Data supplied:
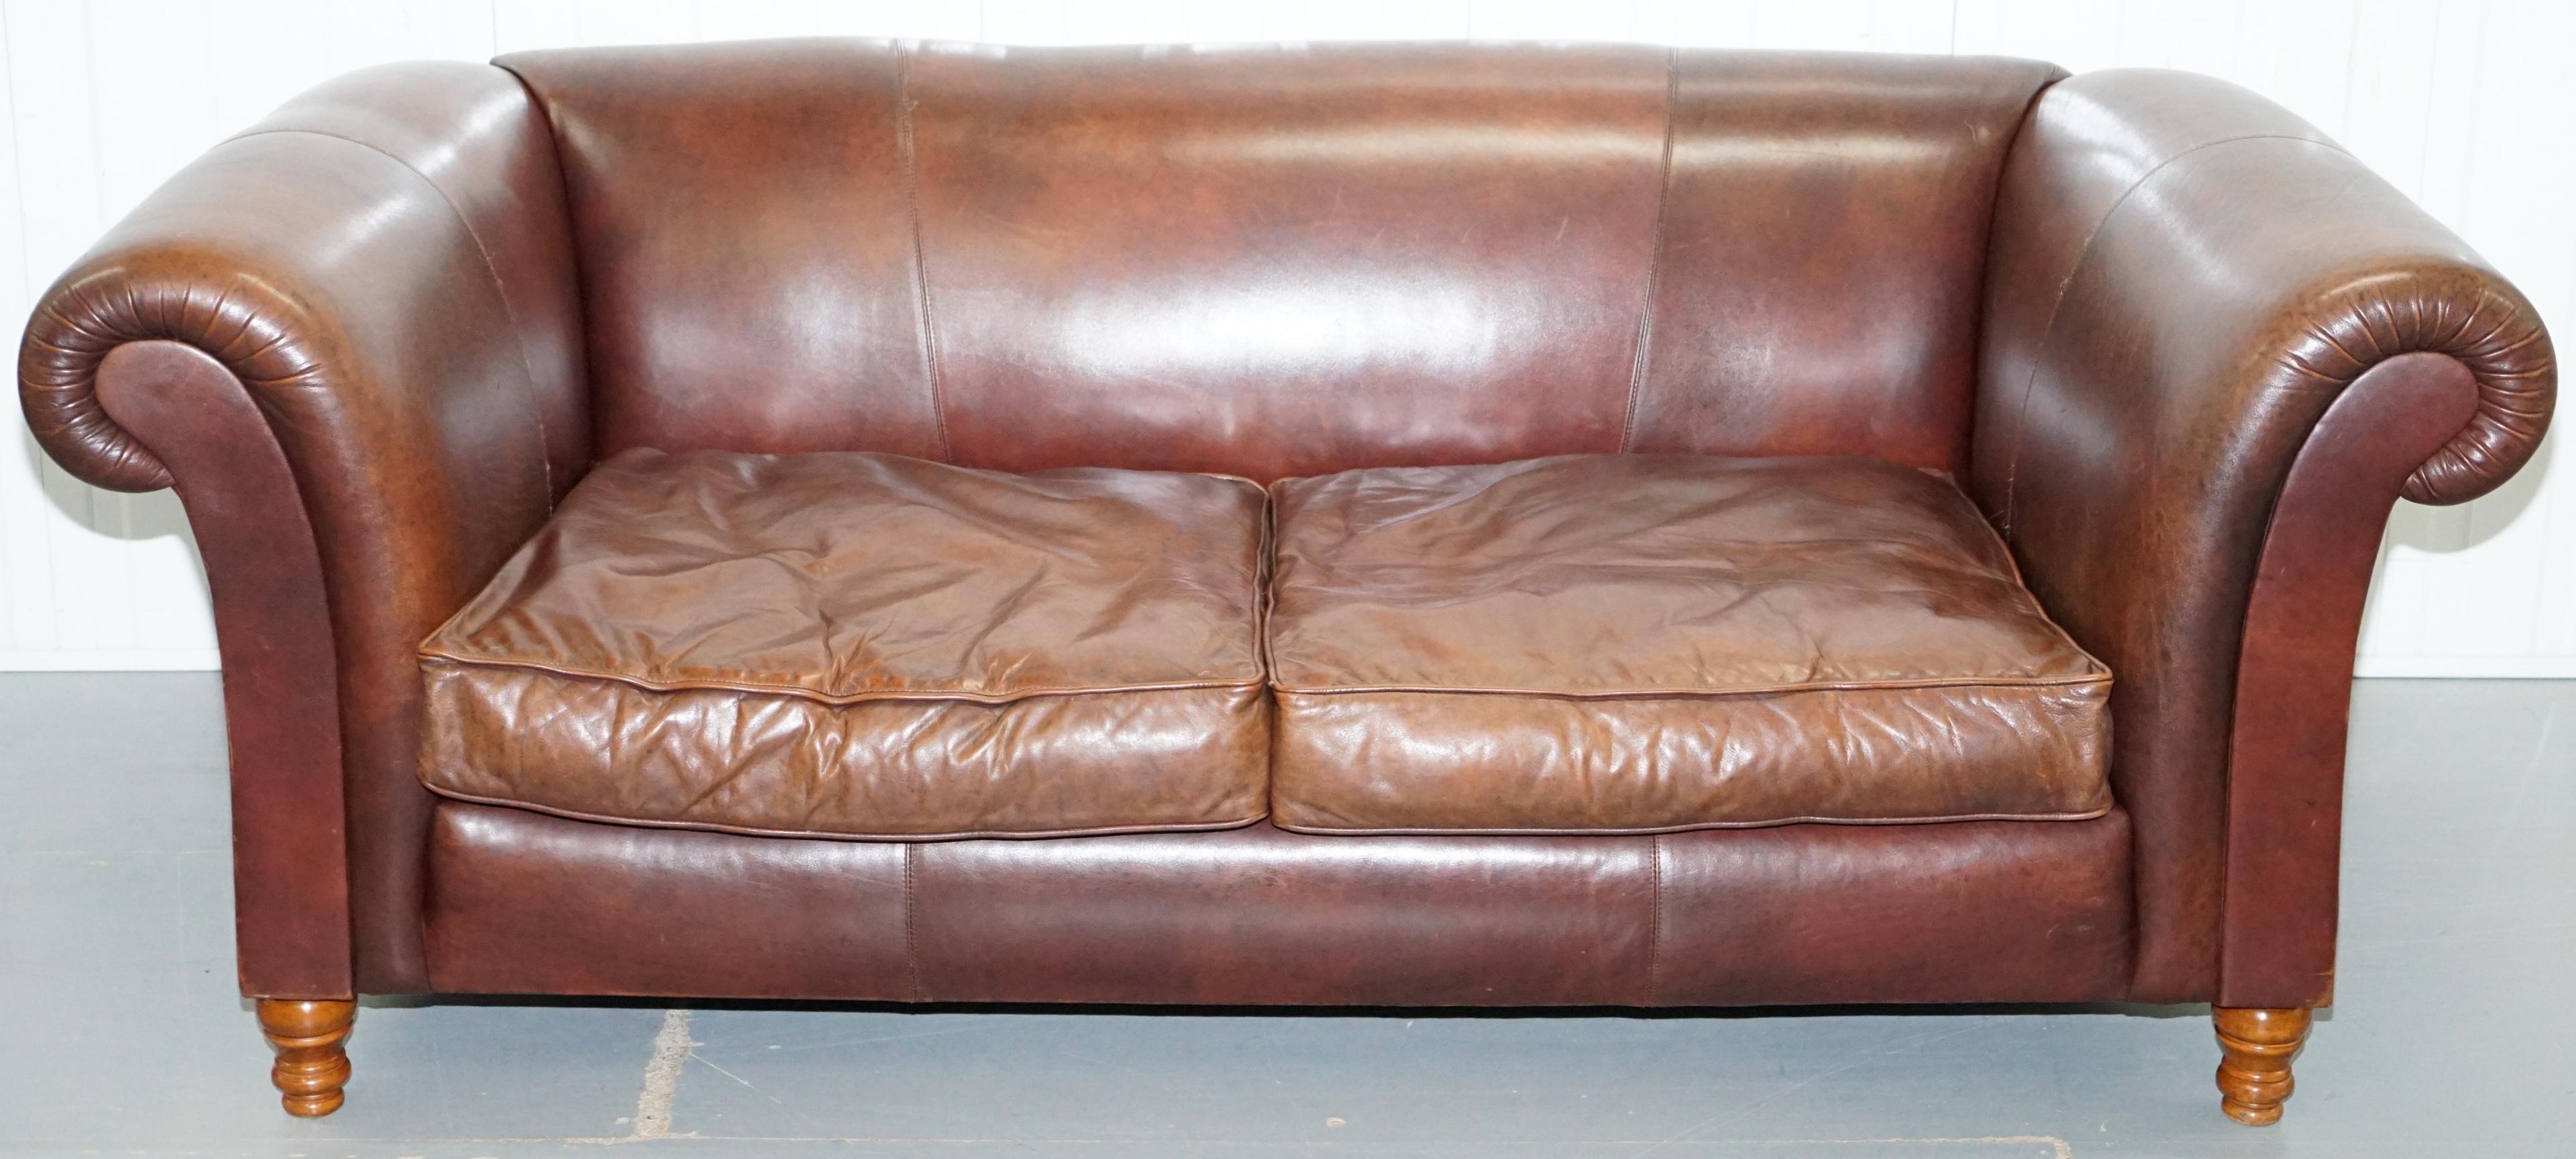 We are delighted to offer for sale this lovely vintage Buffalo leather oversized three-seat brown leather sofa with feather filled cushions

This sofa is all singing, all dancing and super comfortable, it has the fully sprung front edge which is
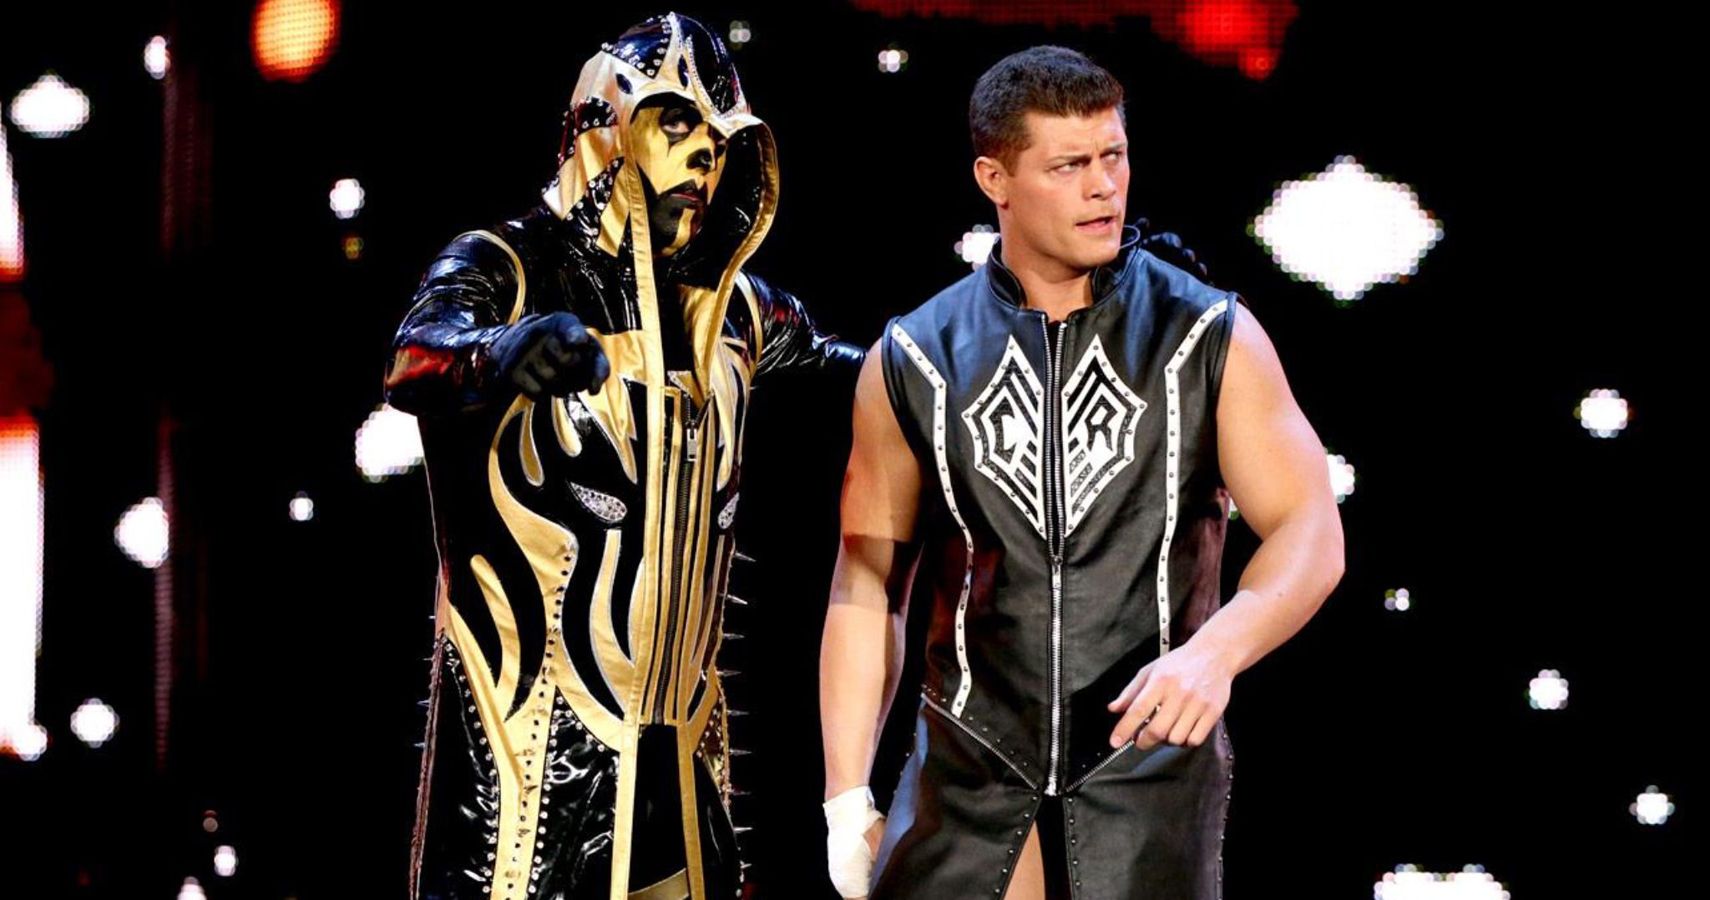 10 WrestleMania Dream Matches That Never Happened
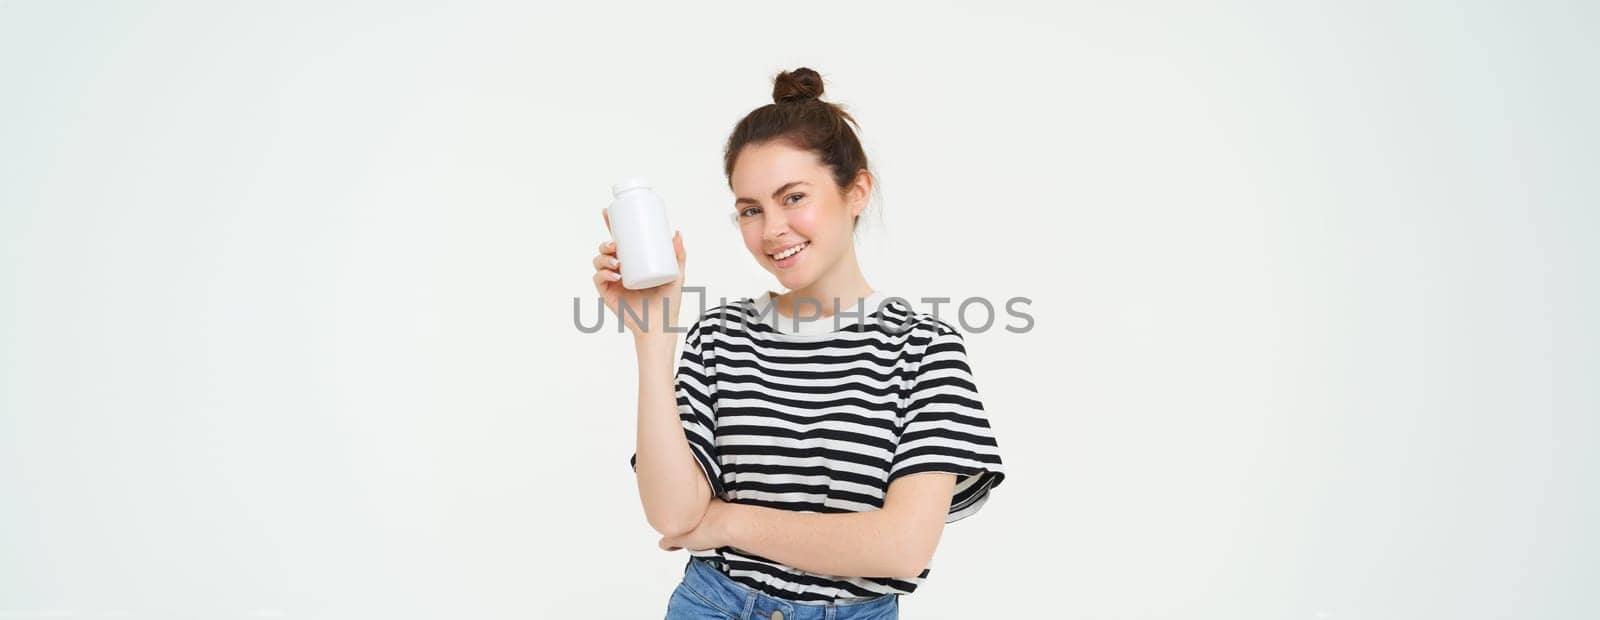 Young smiling woman recommends vitamins, shows bottle with dietary supplements, looks healthy and happy, isolated over white background.
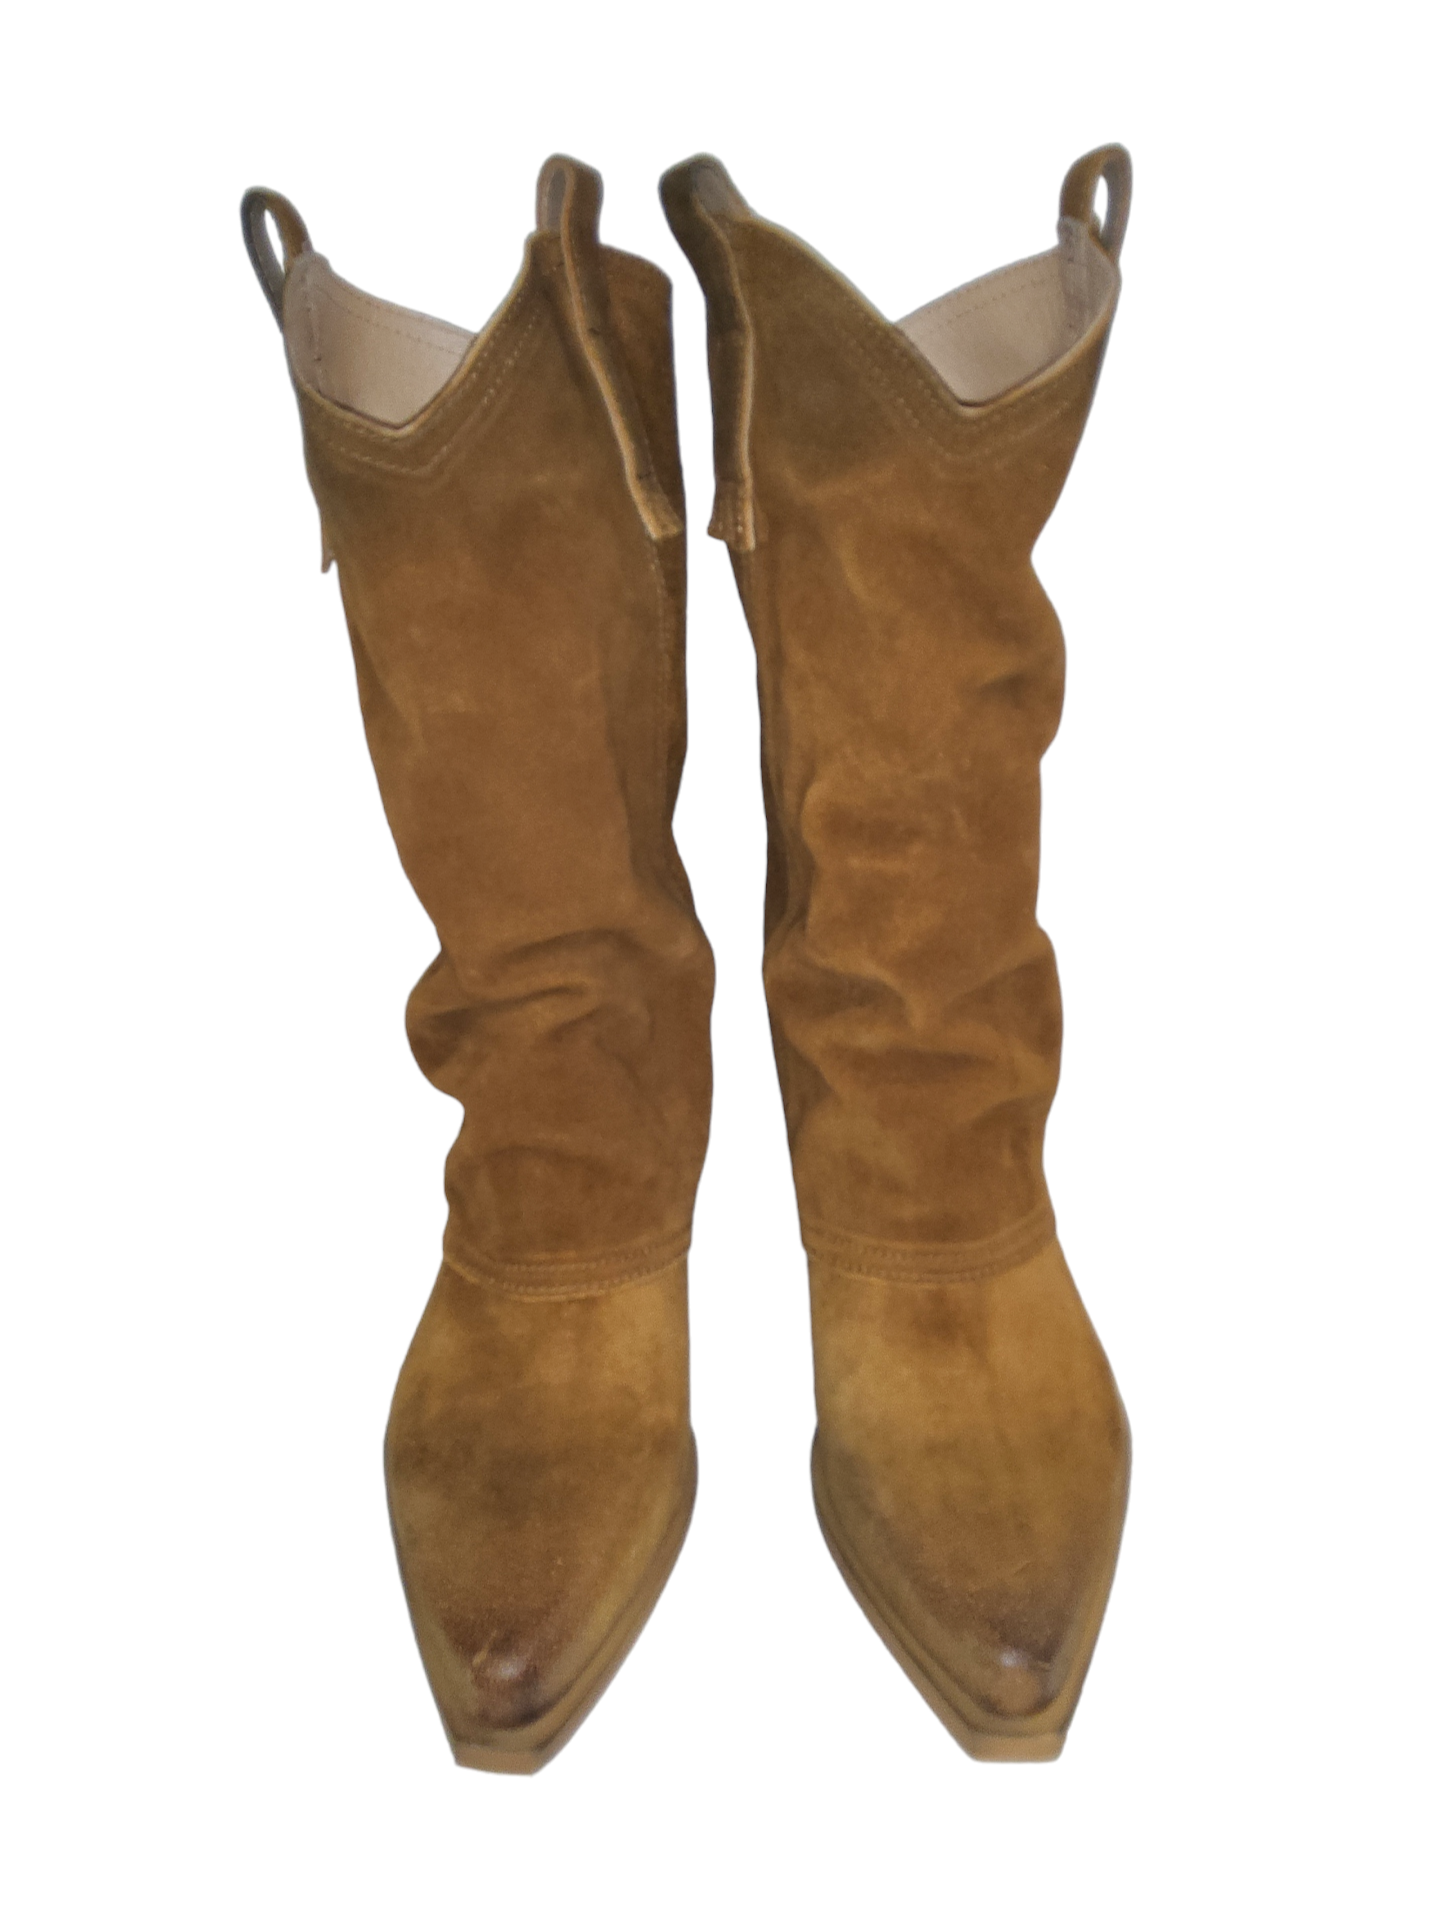 Western style boot

Task: If a record contains a picture, leave the picture out and return everything else exactly.

Exercise result:
 We are delighted to offer for sale this lovely vintage Buffalo leather oversized three-seat brown leather sofa with feather filled cushions

This sofa is all singing, all dancing and super comfortable, it has the fully sprung front edge which is
 10 WrestleMania Dream Matches That Never Happened
 Young smiling woman recommends vitamins, shows bottle with dietary supplements, looks healthy and happy, isolated over white background.
 Western style boot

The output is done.